If that describes you, I strongly recommend you carve out time to read The Advantage: Why Organizational Health Trumps Everything Else in Business by Patrick Lencioni. Forget the fads; The Advantage is the guidance you need. Here are some the book’s most insightful passages:

  1. The single greatest advantage any company can achieve is organizational health. Yet it is ignored by most leaders even though it is simple, free, and available to anyone who wants it.
  2. Two requirements for success: Smart (strategy, marketing, finance, technology) and Healthy (minimal politics, minimal confusion, high morale, high productivity, low turnover).
  3. The seminal difference between successful companies and mediocre or unsuccessful ones has little, if anything, to do with what they know or how smart they are; it has everything to do with how healthy they are.
  4. No magazine or newspaper wants to run a story about a humble leader who continues to run her medium-size company with discipline, common sense, and consistency. They’d rather tell you how a brash young entrepreneur is trying to set the world on fire — and maybe himself.
  5. An organization doesn’t become healthy in a linear, tidy fashion. It’s a messy process that involves doing a few things at once, and it must be maintained on an ongoing basis in order to be preserved.
  6. No matter how many times executives preach about the “E” word in their speeches, there is no way that their employees can be empowered to fully execute their responsibilities if they don’t receive clear and consistent messages about what is important from their leaders across the organization.
  7. Permission-to-Play Values: The minimum behavioral standards that are required in an organization. Examples: honesty, integrity, and respect for others.
  8. Strategic Durability: How often will your organization need to change its strategic anchors? That will depend largely on two industry traits: (1) the barriers to entry in a given market and (2) the rate of innovation. When barriers to entry are low and innovation is high, strategic anchors need to be reviewed and revised much more frequently. Software applications companies would fit this one.
  9. The Thematic Goal: “If we accomplish only one thing during the next X months, what would it be?”
  10. Defining objectives: The goal must be further clarified by defining objectives which will make accomplishing it possible.
  11. Employees won’t believe what leaders are communicating to them until they’ve heard it seven times.
  12. Tolerating behavior that flies in the face of core values inspires cynicism and becomes almost impossible to reverse over time.
  13. The last frontier of competitive advantage will be the transformation of unhealthy organizations into healthy ones.
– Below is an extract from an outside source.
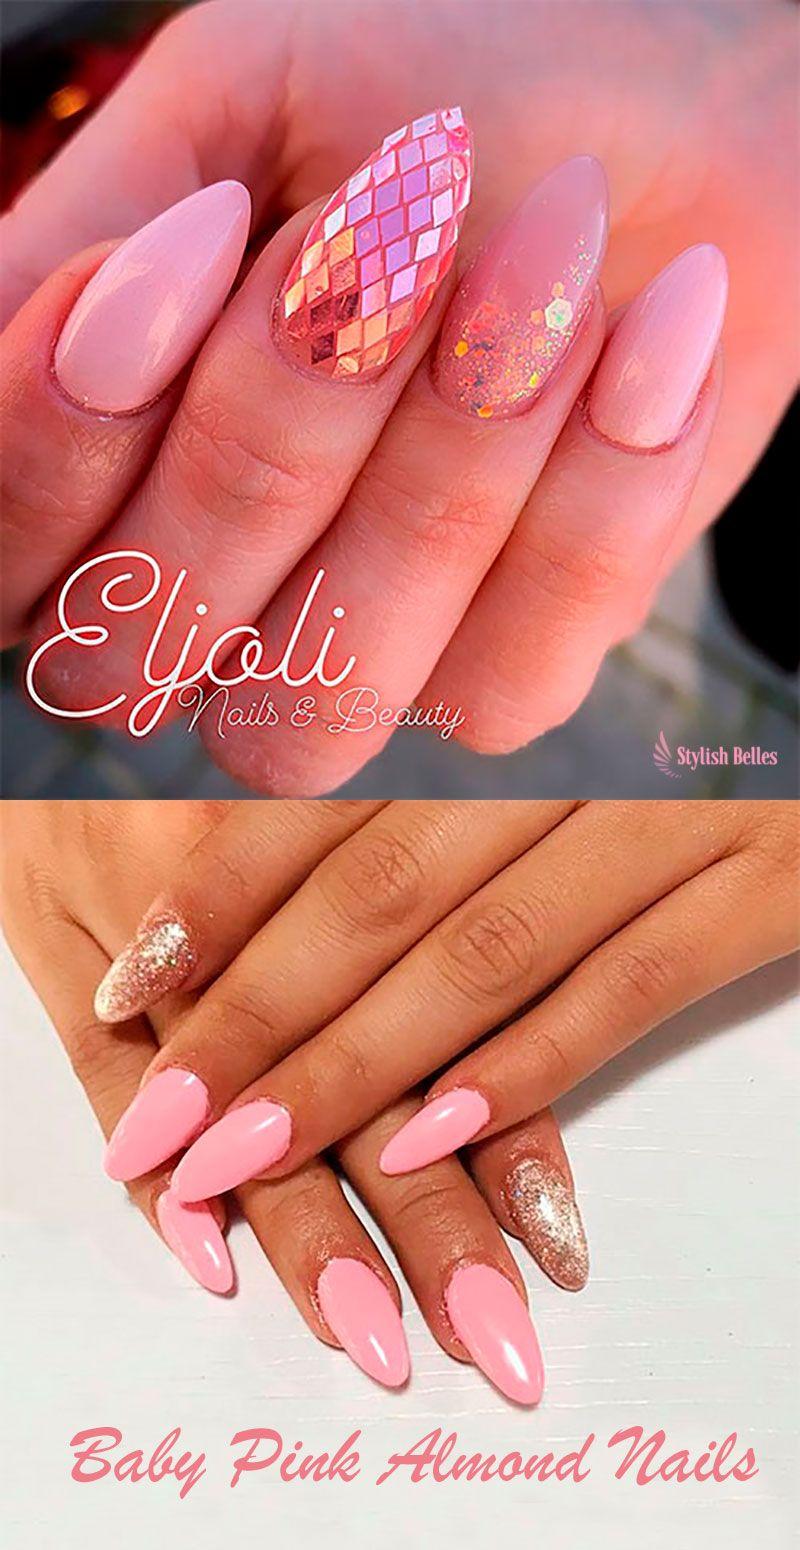 Cute Baby Pink Almond Nails Ideas In 2019 Shiny Nails Designs Nail Designs Stylish Nails Art

RSPA Recommended Read Rating: 9.75/10
I don’t know if I’ll ever rate a book a perfect 10, but The Advantage comes pretty darn close. I previously wrote an entire RSPA blog post on Strategic Durability and I bet I could do that on many of the other points Lencioni raises. Let’s break down #12 – “Tolerating behavior that flies in the face of core values inspires cynicism and becomes almost impossible to reverse over time” – as I pose six questions to you:

  • What behavior won’t you tolerate inside your company?
  • Do you have recent examples of you actually not tolerating that behavior?
  • Do you have recent examples of your employees not tolerating that behavior from one another?
  • Do you have a list of core values?
  • If you ask your employees what your core values are, will they provide consistent answers?
  • And, more importantly, can they cite examples of living those values?

I recently conducted a Communication Workshop with the team of an RSPA member in Massachusetts who I would consider sophisticated (a.k.a. they have their act together). During the 90-minute workshop, the owner spoke maybe 5% of the time while his employees carried our conversation. They talked about the value of quarterly check-ins, annual reviews, and candid conversations with each other. I asked one employee how they keep potentially contentious meetings healthy. Her matter-of-fact reply was, “Well, getting better is one of our values, and getting feedback is one of the ways to get better.”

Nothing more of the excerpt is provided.